My interviewer shook his head incredulously. “No,” he said. “Your friend Arkady worked for the HMSO.”

“Arkady was a spy? Passing state secrets to the Russians?” I felt like laughing aloud, clapping my hands. Good on him. Who’d have thought he had it in him. But I thought it probably unwise to respond in this way.

“We’ve asked you here to take on an assignment for us,” he said. “It may not sound very glamorous, but we believe it to be important to our country’s security.”

“Of course,” I heard myself saying.

“Excellent,” the young man said. “You will befriend Anna Tarkovsky, in a natural way, of course, and await further instructions.”

“Instructions?”

“We will tell you what to tell her. We are preparing your story. Oh, and I want you to open a bank account.”

Routines take over, don’t they, if you let them? I let them do just that. Running a PR department is largely a matter of routines, certain tasks in an uncertain world where responses to events can nevertheless be predicted. That’s my job, to predict outcomes. A daily task has to be undertaken. That task is a number of tasks, really, which must run together in such a seamless way that they turn into one continuous, seamless gesture. If you’re taken by surprise you want it to be a nice surprise, but if you’re too surprised by it chances are it won’t be. Times stretches along, you make your moves, and after a while your moves make you. It pays off, attention. Attention to the detail of similar instants, that’s where you discover the differences between them. PR isn’t about being a genius. It’s about reacting in a measured way. Measuring the responses of others, and, if necessary, countering them with exactly the right amount of necessary force.

In early September I received an invitation to attend a poetry reading at the Russian Embassy. The envelope arrived at work, within it a printed card requesting my pleasure in a week’s time. I must be an afterthought. Anna Tarkovsky was the reader, celebrating the publication of her Selected Poems in translation, RSVP. I turned the cream-coloured card over in my hands, looking for some scribbled personal note. There was none. I propped it up on my desk, glanced at it occasionally throughout the day, wondering whether I would attend.
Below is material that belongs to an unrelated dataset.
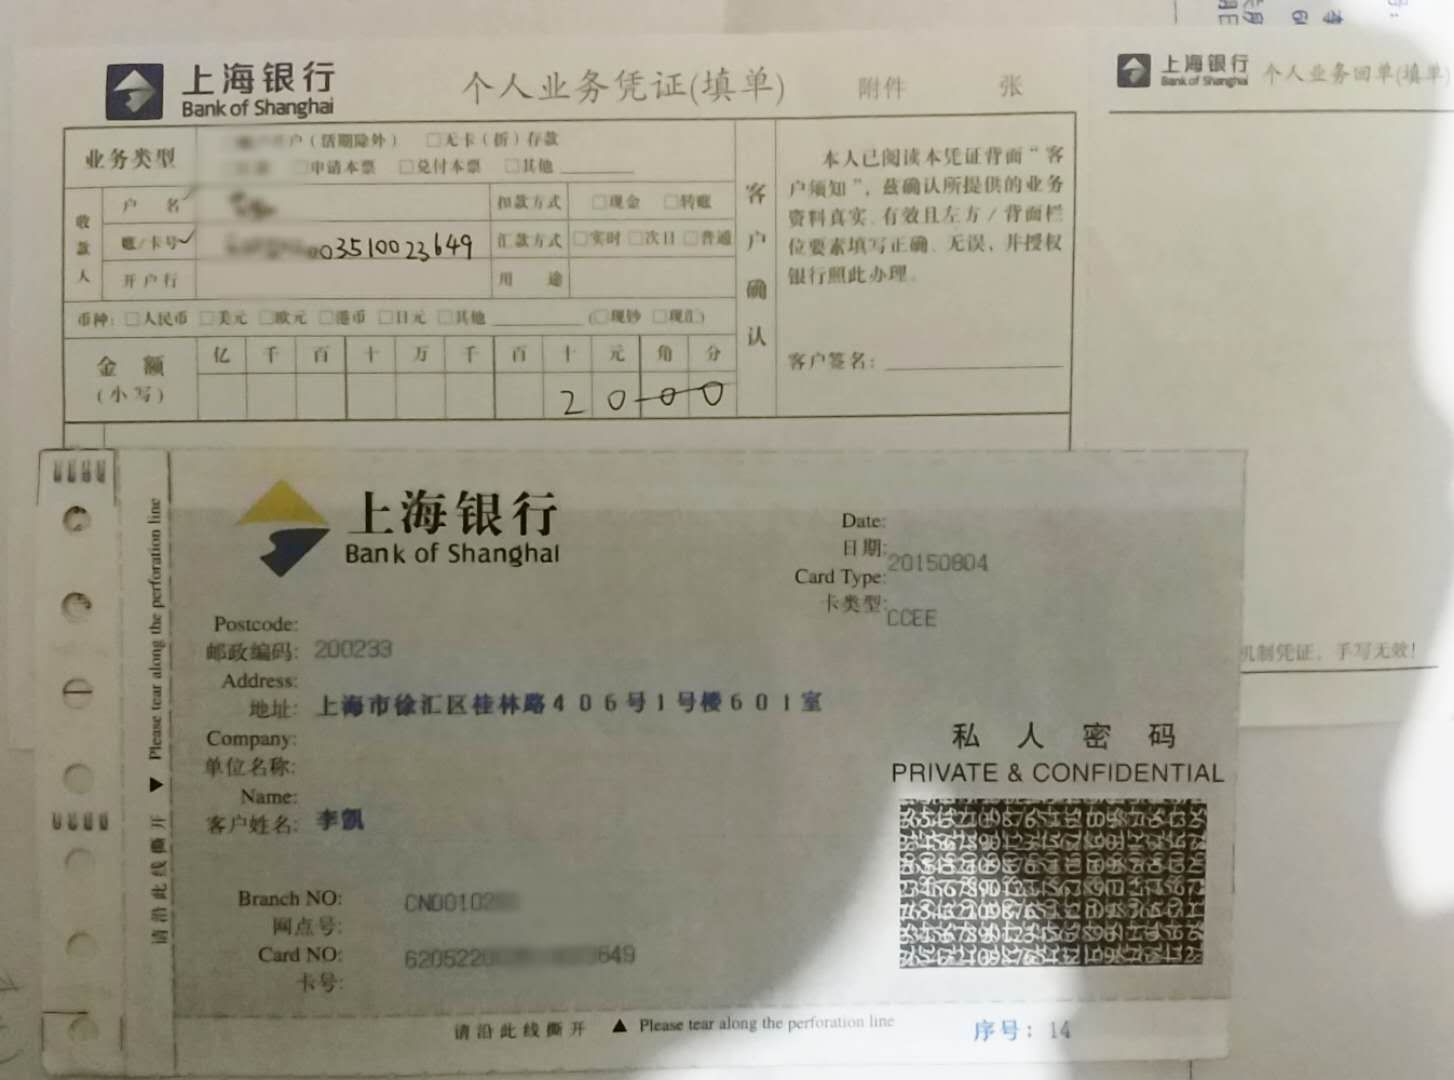 上海银行转账单

By lunchtime I’d realised that, on balance, it wasn’t an invitation I was in any position to refuse.

There are people who consider various options presented to them, and having made a decision, stick to it and forget all about the path not chosen. This is necessary, of course, even if it is a position most people arrive at by the default of memory. If they do remember it is in a selective way, to justify their actions; the are post-facto rationalisers of what is, justifiers of the case, possessors of a magnificent and all-comprehending hindsight. The past has gone, after all, and the future that might have grown from it never kicked its way from the womb of the pre-present. Arkady was dead. But did he have to die so soon, so horribly? As time went by I could see no other option for him. For myself, I was married to Marjorie, I was the father of two children. But what if I’d chosen another woman? Had another, completely different life?
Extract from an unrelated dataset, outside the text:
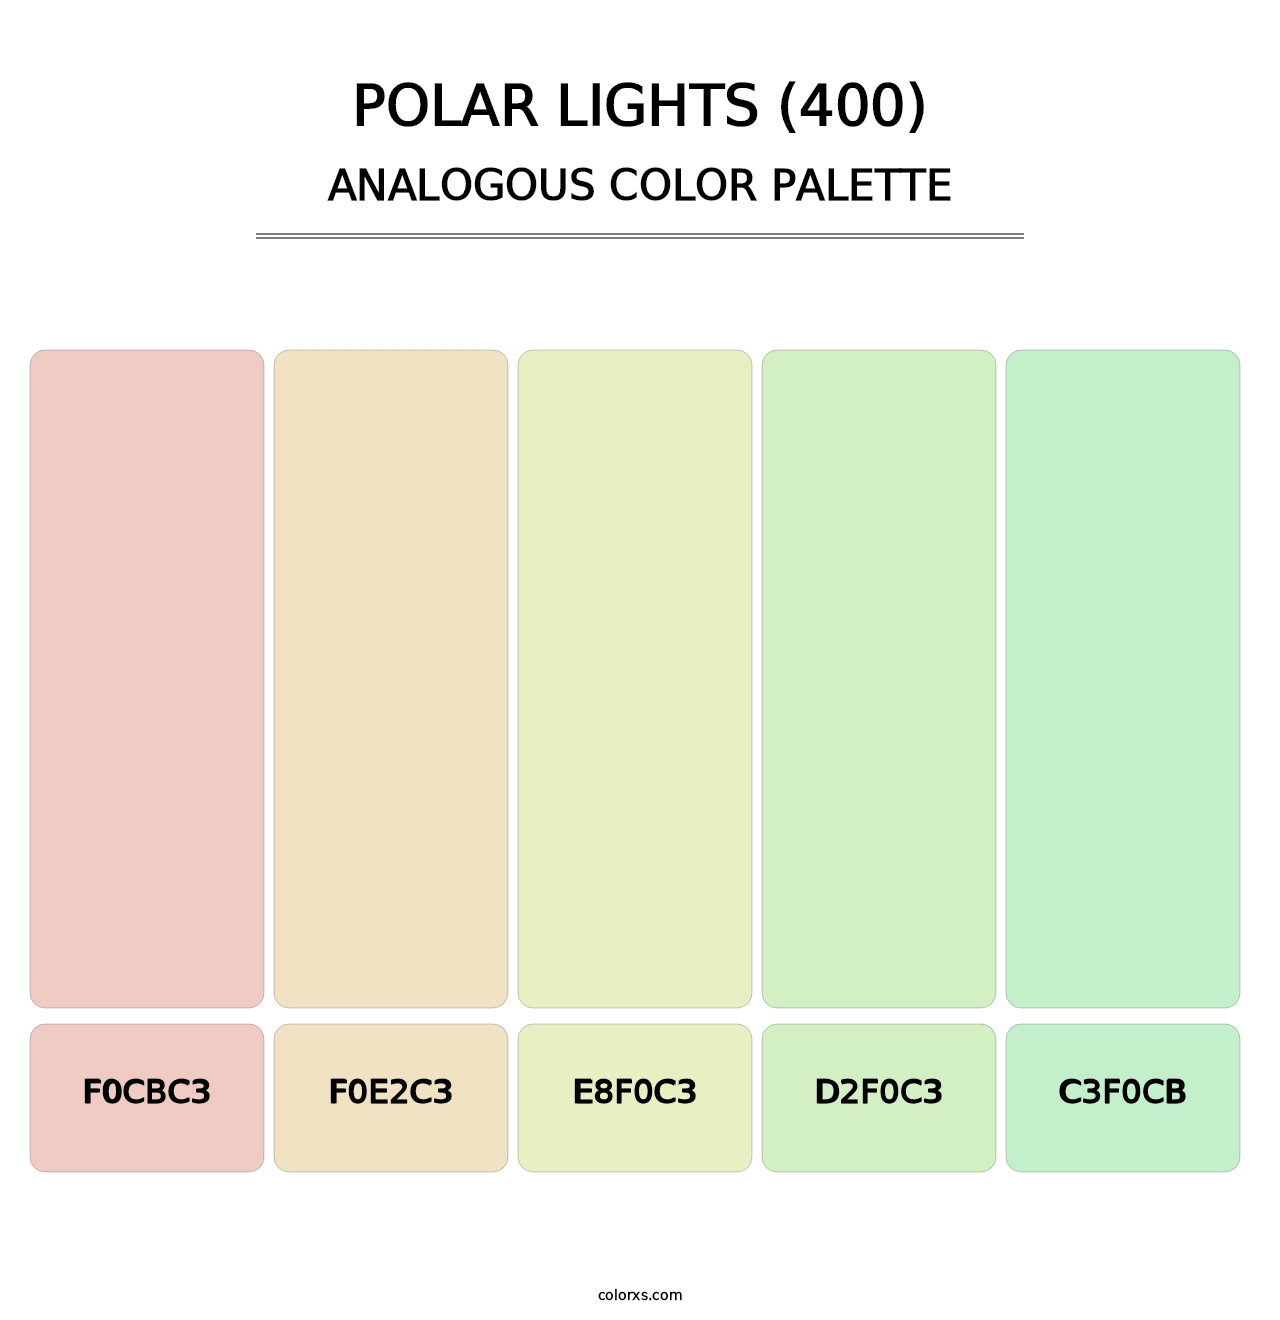 Polar Lights (400) - Analogous Color Palette

I arrived at the Russian Embassy at the appointed hour on the day of the reading, and putting these questions aside as I stepped through its magnificent frontage into a world I’d only glimpsed once or twice before. A small but not derisory crowd was sipping wine in the entrance hall. I looked helplessly around, filled already with nameless regret; a waiter approached me with a tray full of brimming glasses. I took one. Next there were canapes. I politely availed myself of a proffered item of puffy stodge, ate it, too quickly, and stood there like a proverbial spare part, waiting for something to happen.
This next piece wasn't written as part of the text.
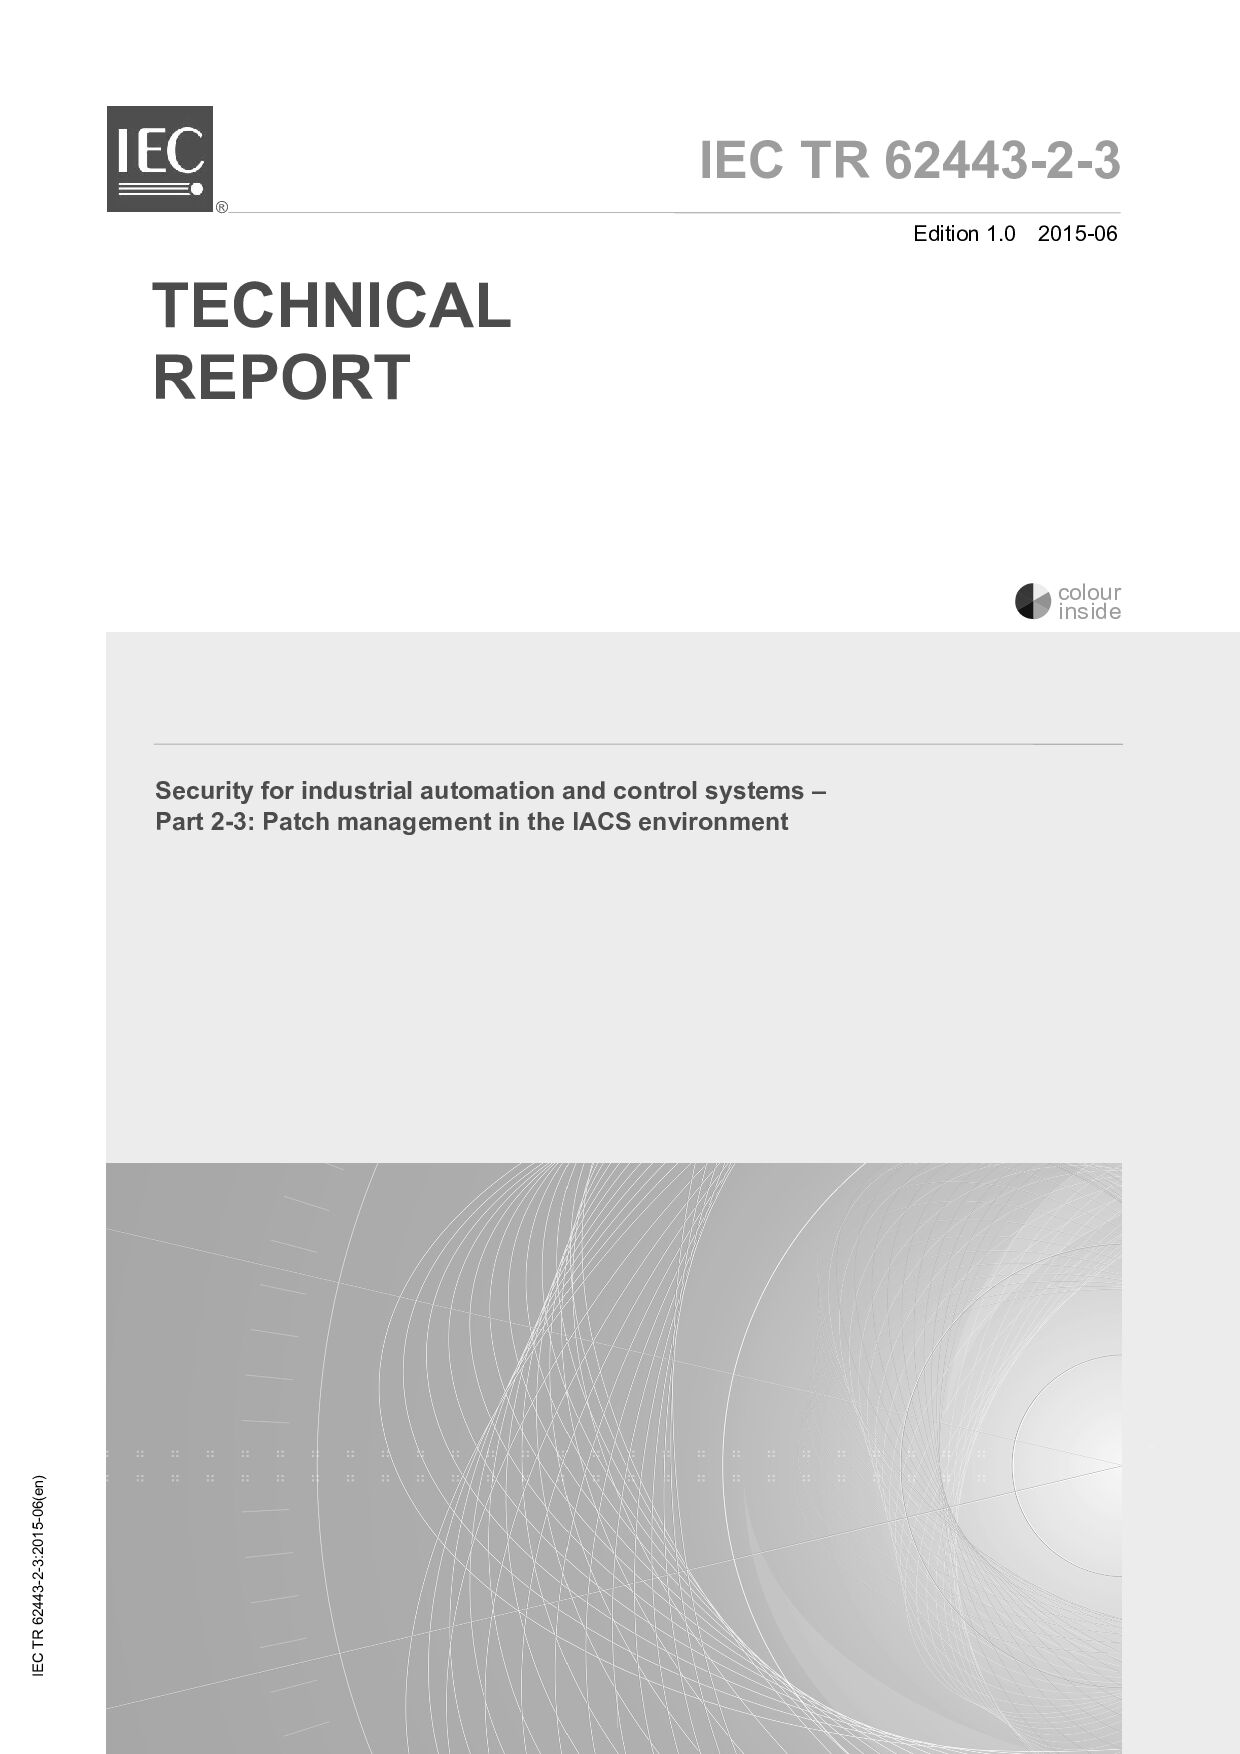 IEC TR 62443-2-3:2015

A large man with a trimmed black beard gently touched my elbow, bowed slightly in greeting. “We are glad you could come,” he said.

Mikhail Gorbachev. I found myself thinking I knew very little about him, but that, somehow, without any conscious decision on my part, he had become something of a hero for me over the years. A doomed hero, of course, but one who would come to seem less doomed and less heroic as I came to understand more about Russia. And at that moment of setting out on my new life, I clearly remember thinking that his biggest mistake had been to call an election.